My new boer boy trying to sneak a smooch :lovey:

http://s1217.photobucket.com/albums/dd3 ... kisses.jpg


----------



## KW Farms (Jun 21, 2008)

That's adorable!


----------



## bmcgee1944 (Oct 21, 2011)

he's gonna be my monster i can just tell!


----------



## Jessaba (May 13, 2010)

Aww our stinky buck LOVES giving kisses.....if you bend down to pick something up he will sneak attack you to kiss you lol...he sticks his tongue out and it touches my cheek.
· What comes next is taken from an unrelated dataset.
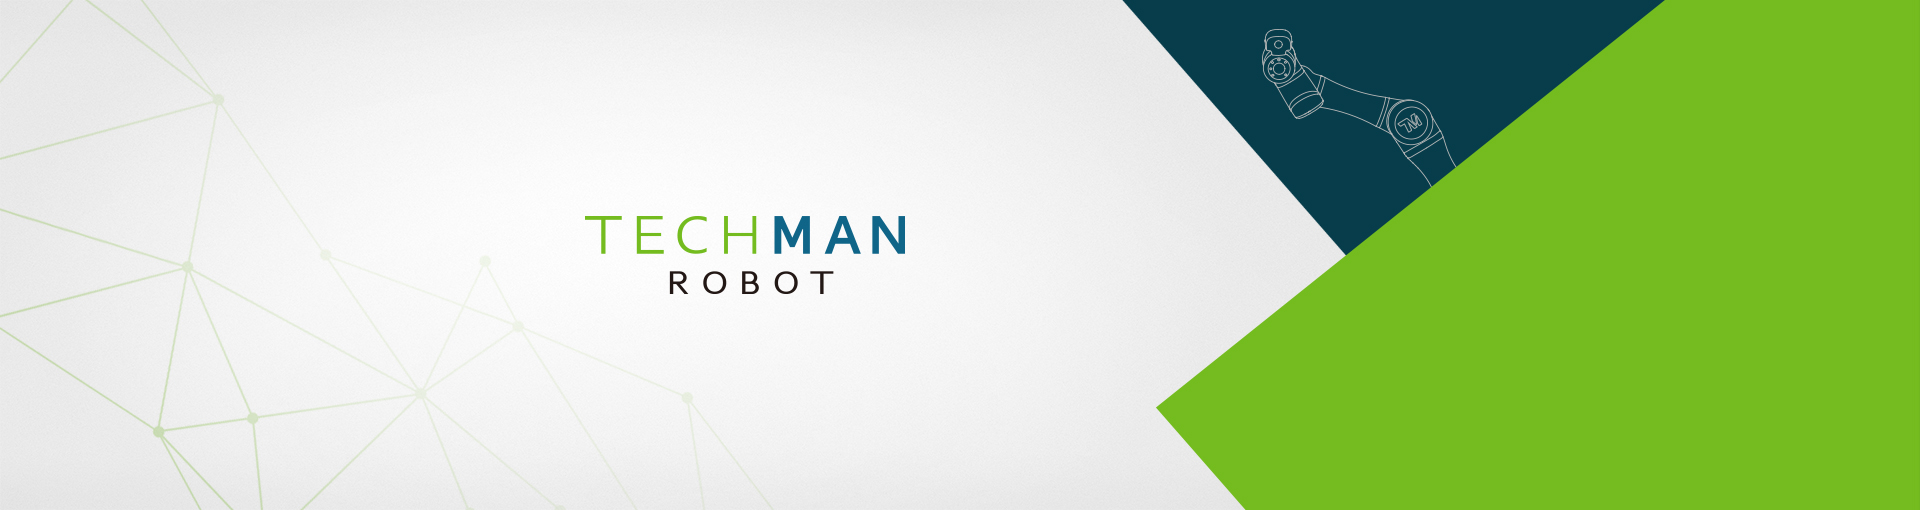 techman-robot-website-banner

Its cute when it isn't stinky season lol


----------



## freedomstarfarm (Mar 25, 2011)

Oh so cute!


----------



## milkmaid (Sep 15, 2010)

AWWW! how utterly adorable! I love how his legs are all splayed like he just can't WAIT to give that kiss!


----------



## Mandara Farm (Sep 12, 2010)

What a cutie! :laugh:


----------



## RMADairyGoats (Jun 20, 2011)

How cute! What a sweetie!


----------



## toth boer goats (Jul 20, 2008)

Aww...too cute...


----------



## Randi (Apr 22, 2011)

Awww.....  He loves his mommy.....


----------



## VincekFarm (Jun 27, 2011)

Well I previously owned a wether and the vet I guess didn't do a very good job neutering him and he was left with one testicle. Well I had my family over at my house for a visit and I only had "Buddy" then.. one goat. So we were all sitting at the picnic table, he jumps up on the picnic table and starts to lick and blubber in my aunt's ear. :ROFL:


----------



## Red Mare (Aug 17, 2011)

Very cute picture!


----------